#### Task item
In the listing below, find the line with "Rohan Jeans Plus front" and copy every line from there up to and including the line with "Product Image - Hidden", exactly and without pictures.

#### Given information
=-=-=

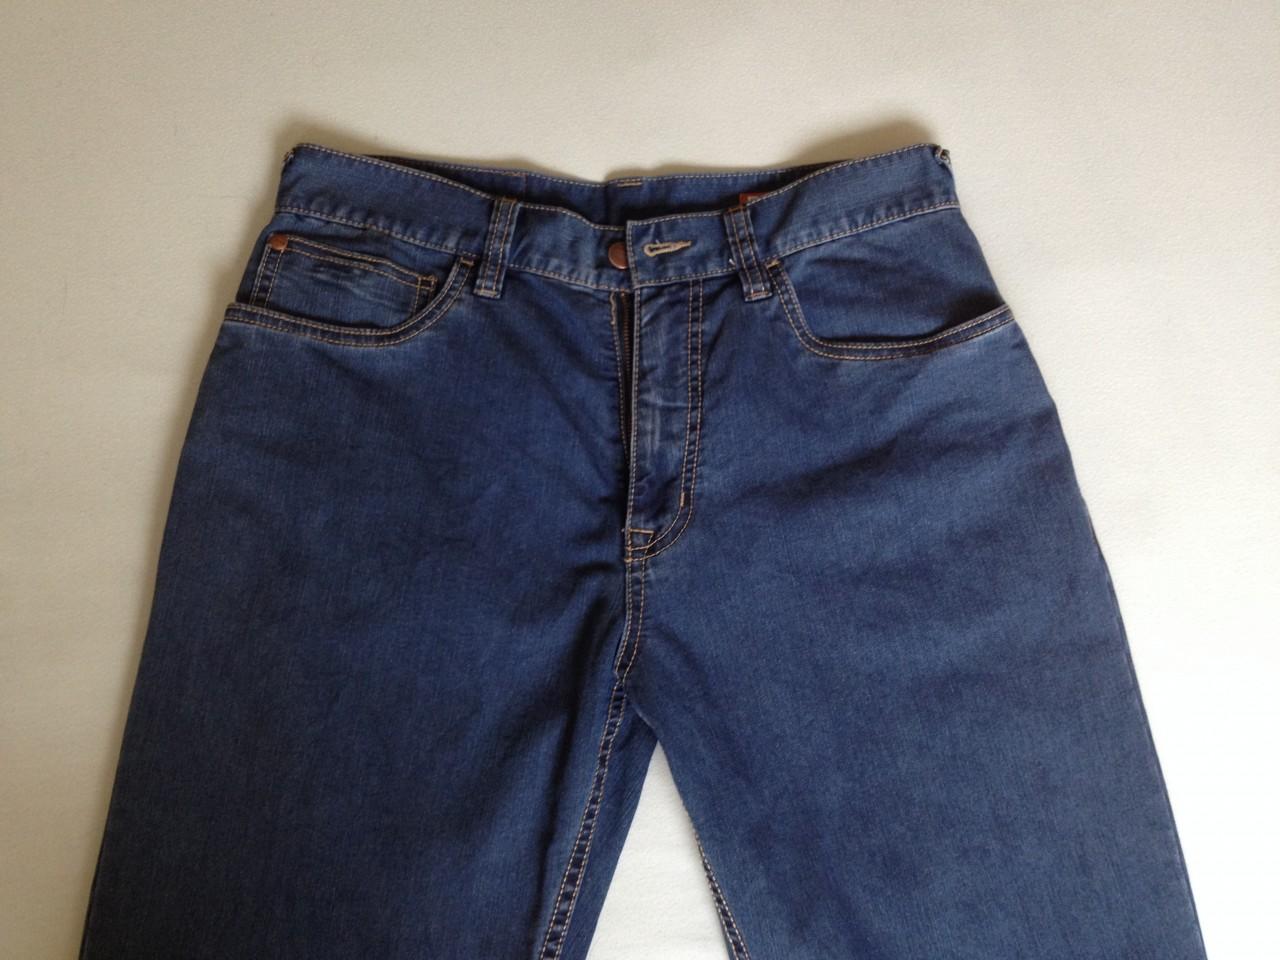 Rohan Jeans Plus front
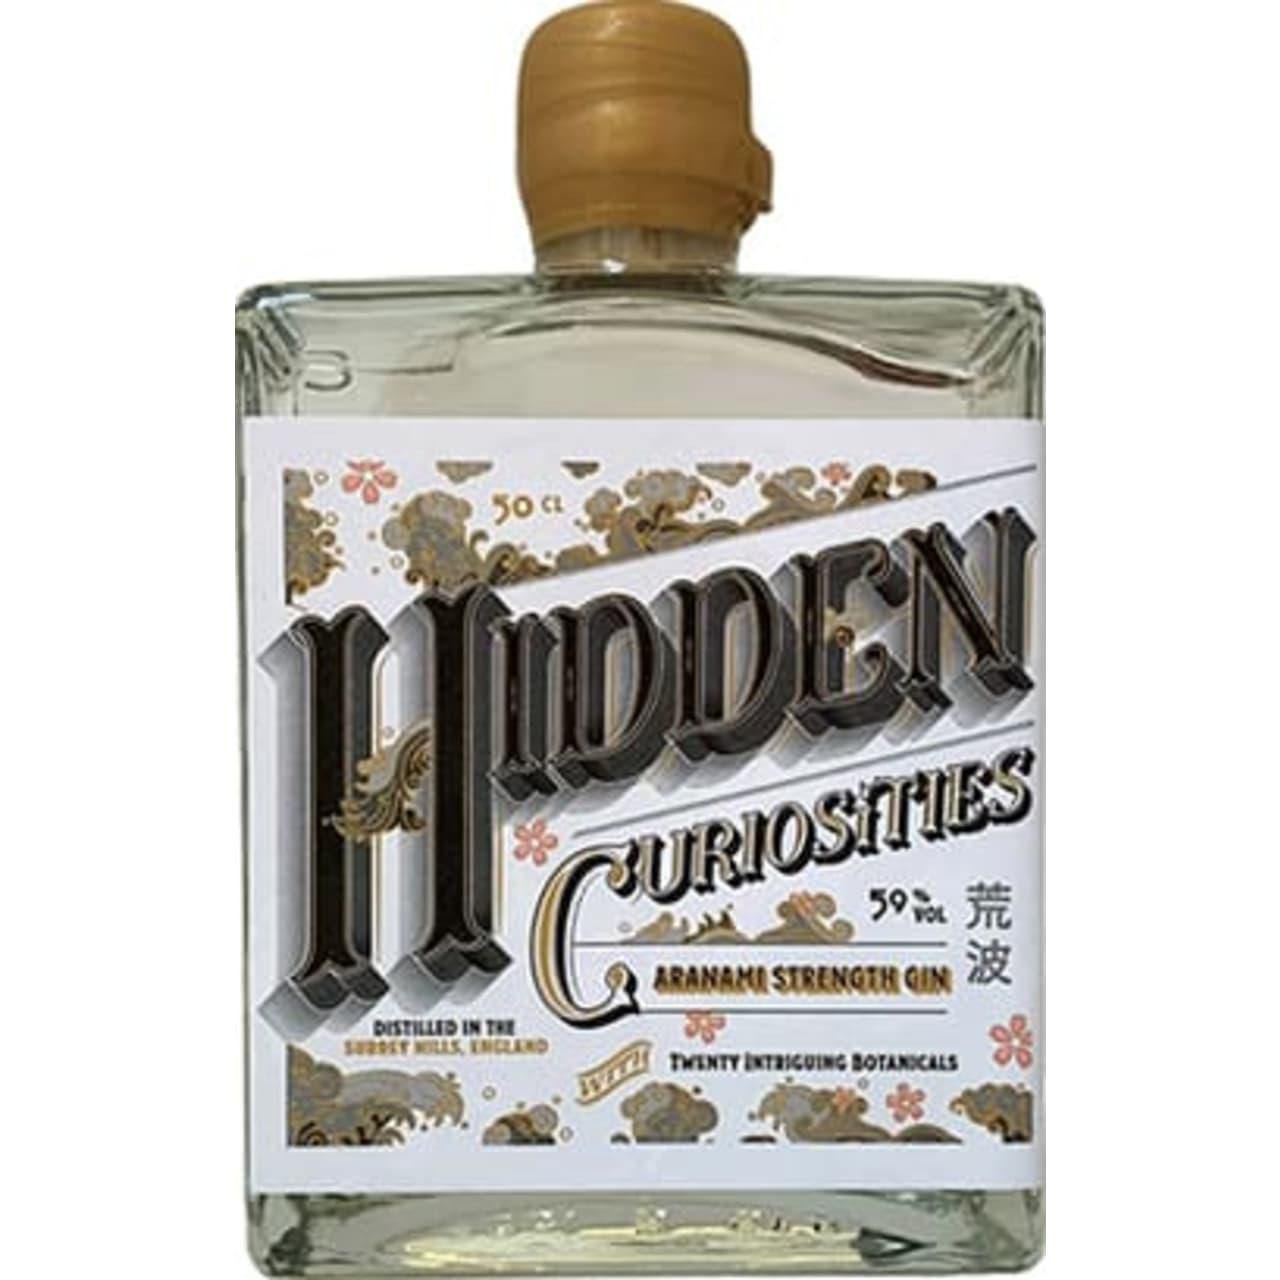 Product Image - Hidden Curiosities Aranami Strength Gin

=-=-=

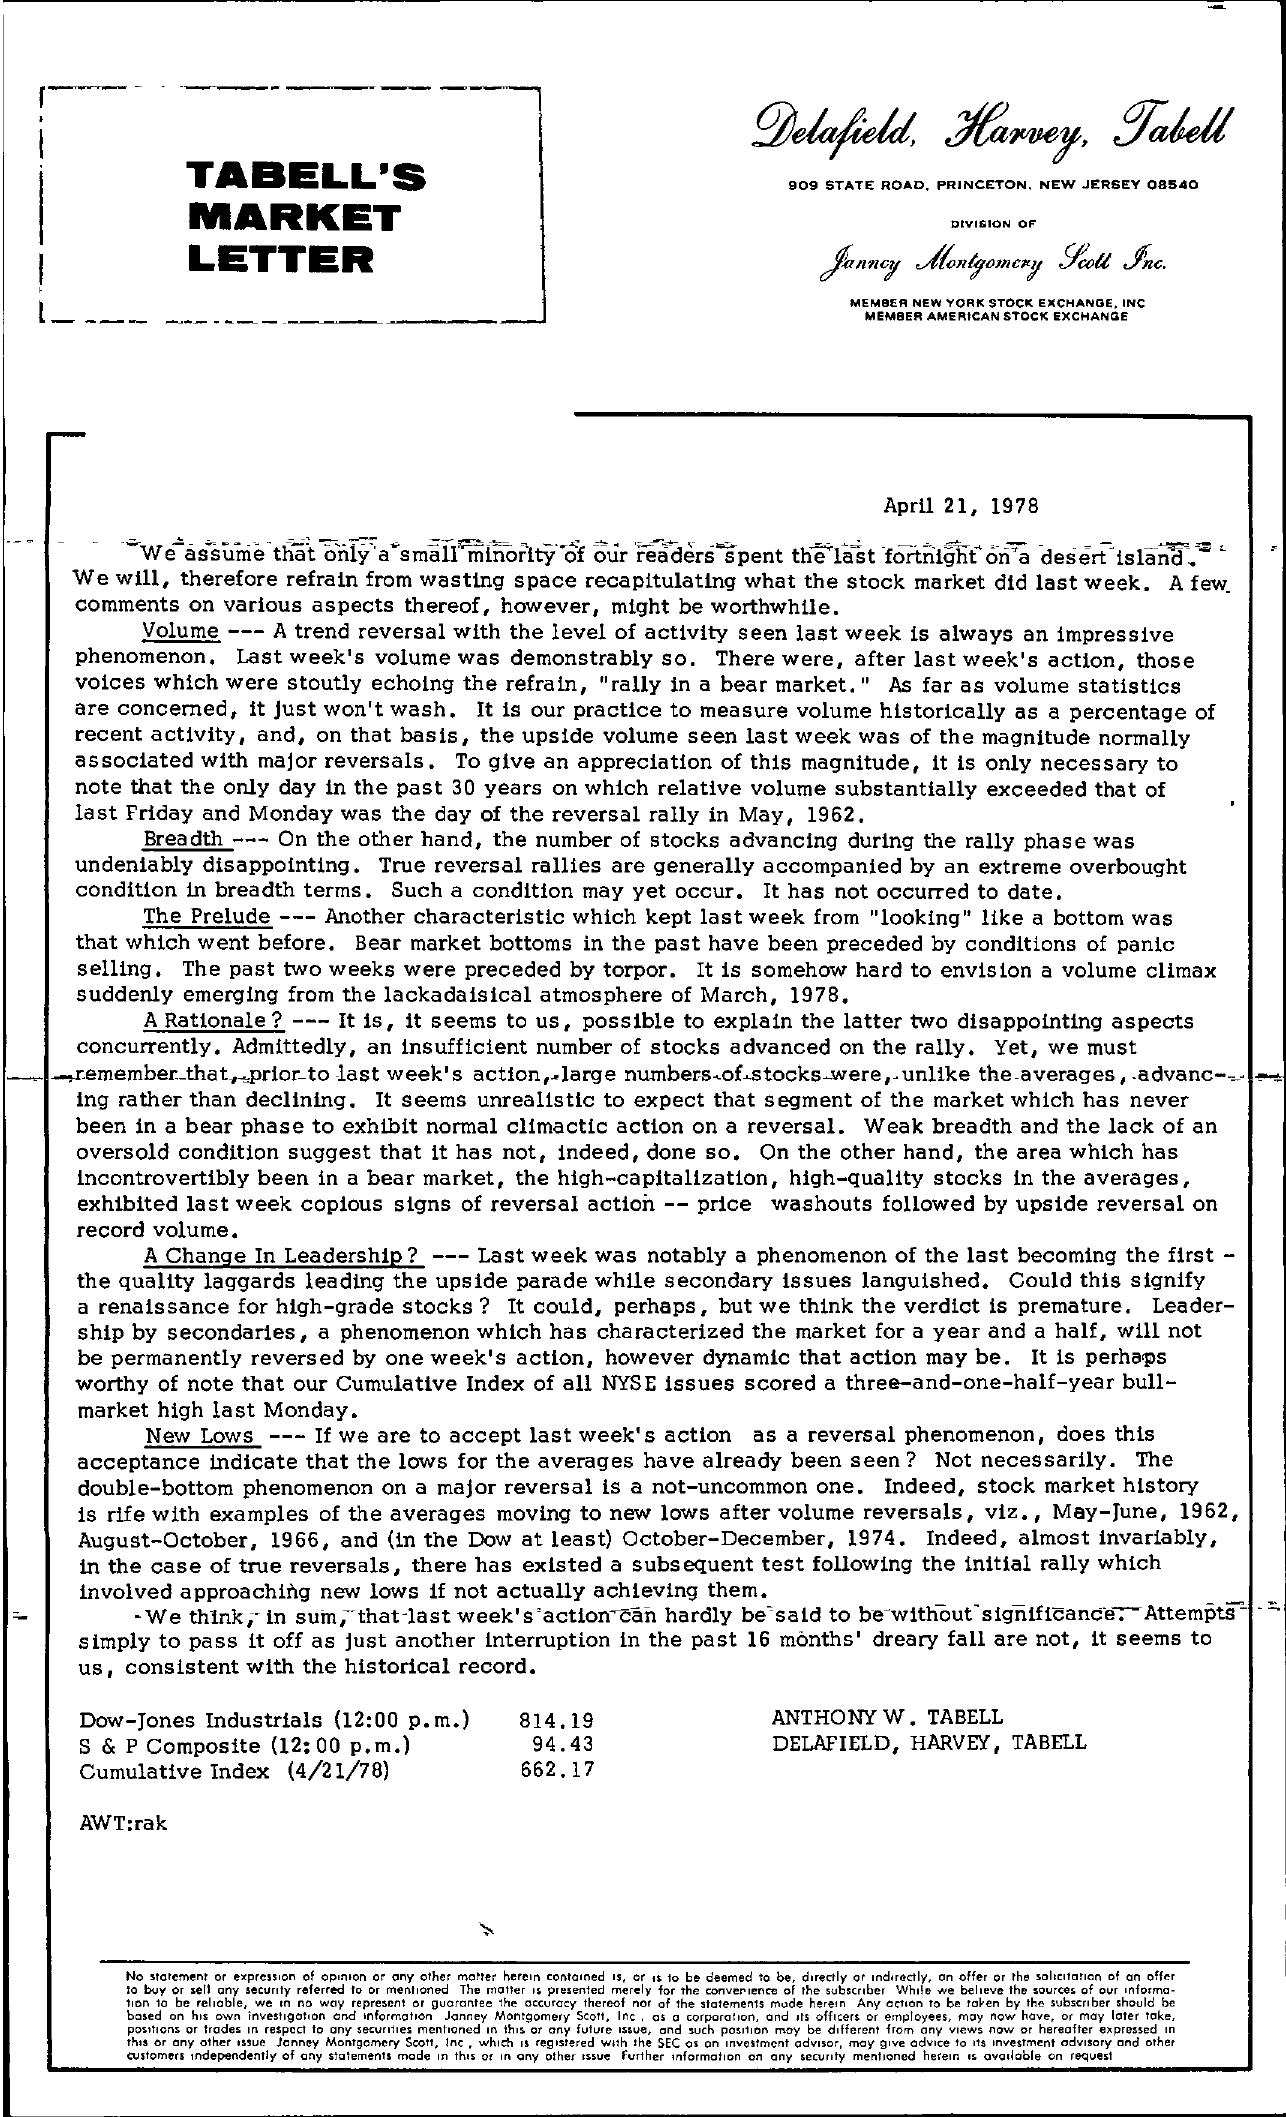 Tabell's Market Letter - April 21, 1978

=-=-=

#### Response to the exercise
 Rohan Jeans Plus front
 Product Image - Hidden Curiosities Aranami Strength Gin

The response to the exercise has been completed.